DataCamp continues to be an online, hands-on, practical training resource, that faculty can take advantage of to learn how to use the open source statistical environment of R, as well as how to code in Python and forge beautiful data visualizations, among other topics. The folks with DataCamp continue to add new courses and training material to their panoply of offerings, recently adding content on Tableau to their existing courses on R, Python, SQL, Git, Shell, Spreadsheets, Theory of Data Visualizations, and Scala for a current total of over 314 courses available! They have roughly eleven career tracks, and forty skill tracks, taught by 274 instructors. Topic areas include Data Engineering, Programming, Importing and Cleaning Data, Data Manipulation, Data Visualization, Probability & Statistics, Machine Learning, Applied Finance, Reporting, Case Studies, Management and others, like Analyzing US Census Data in R, Single-Cell RNA-Seq Workflows in R and Differential Expression Analysis in R with limma, or an introduction to the essential bioconductor packages using datasets from virus, fungus, humans and plants!
Many of their basic and introductory courses are available for free to anyone via a browser!
ITS has worked with the folks at DataCamp to offer the full range of their offerings through licensed “seats” for our Faculty, particularly those who are considering teaching or research with R in order to move away from expensive data analysis technologies like SPSS. Even without that motivation, R and the packages around it, now offer one of the most comprehensive and full featured data analysis and data visualization tool sets currently available, so it can only help a researcher to learn these tools.
Faculty or staff interested in access to DataCamp though the College’s license should contact Academic Technologist Doug Willen (willen@swarthmore.edu, x-7787).

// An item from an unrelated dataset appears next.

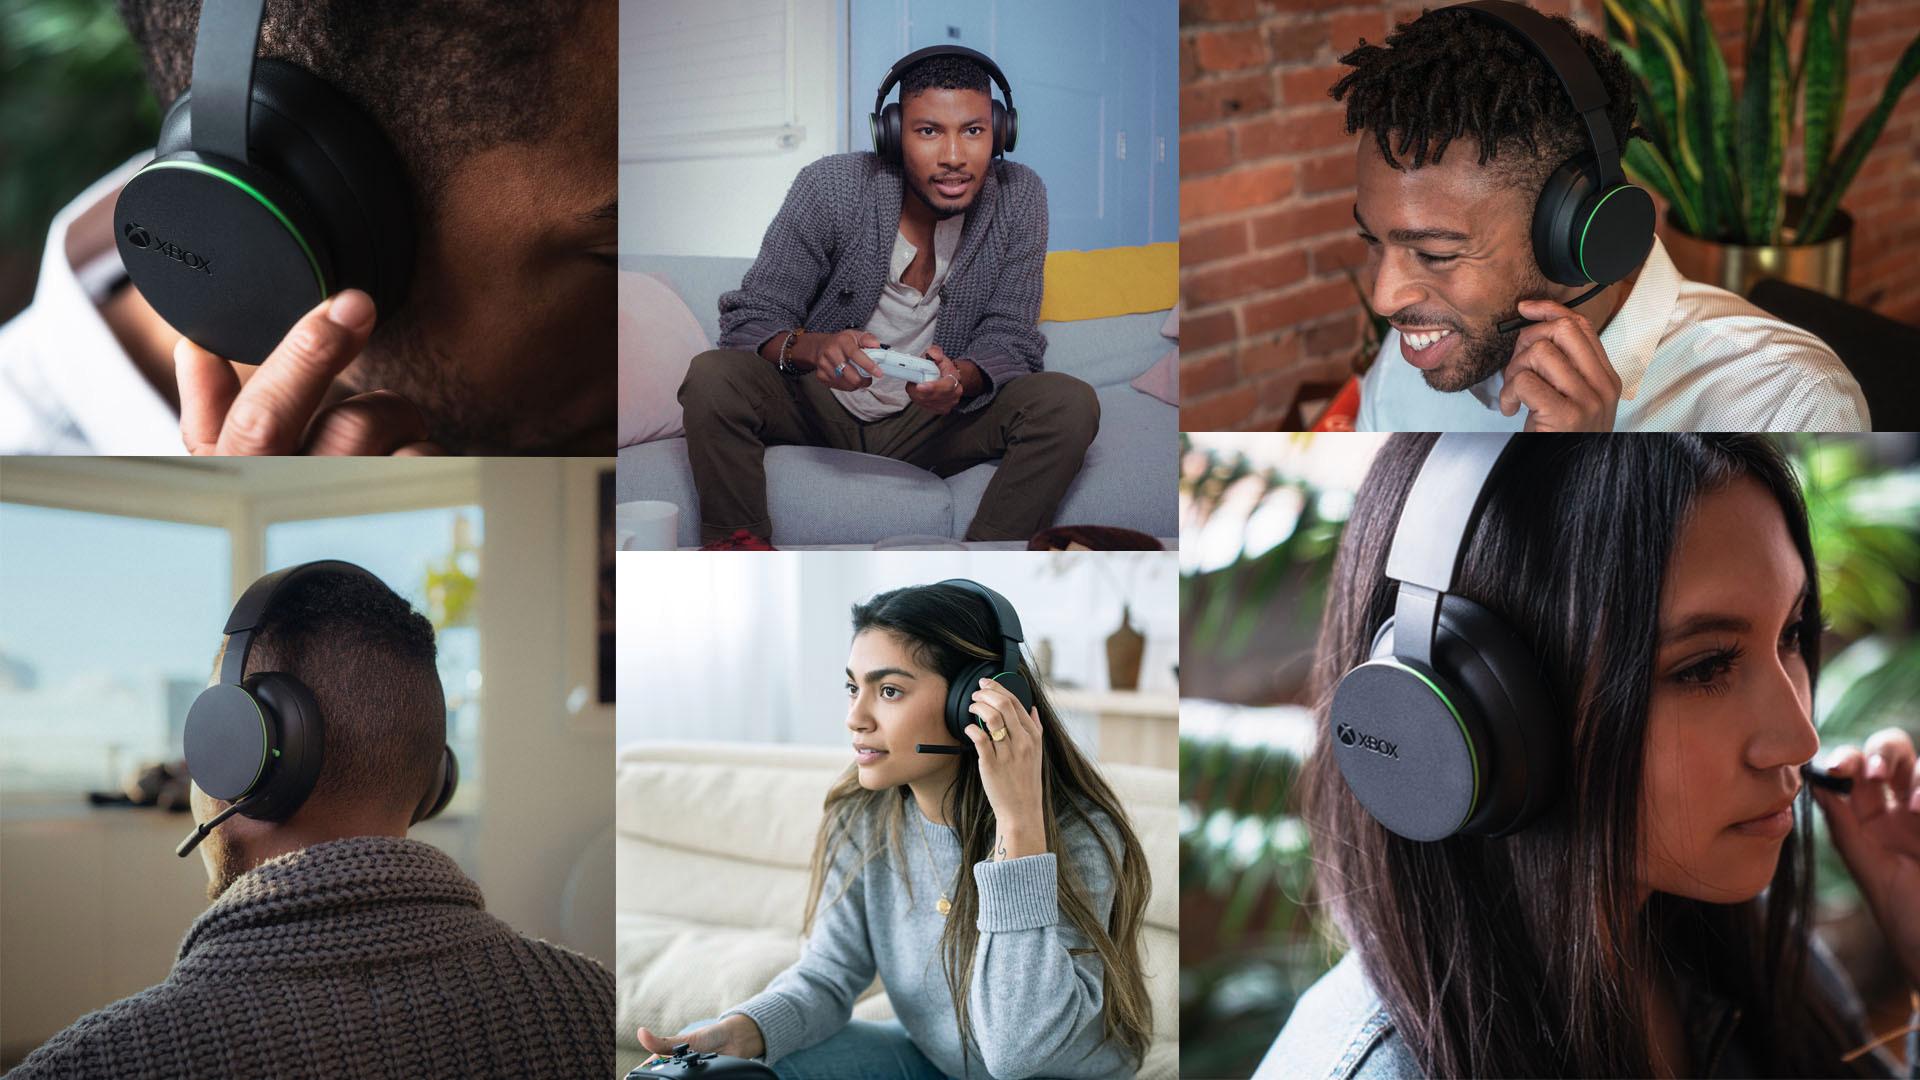 Xbox Unveils New Premium Wireless Headset

Students are not supported by this license, but faculty can request a class license if you would like your students to have access to this training during the semester your class is offered. Students can certainly take advantage of the free elements of training through DataCamp, but would need to purchase their own licenses for training beyond those basics, if they are not enrolled in a class supporting an educational license.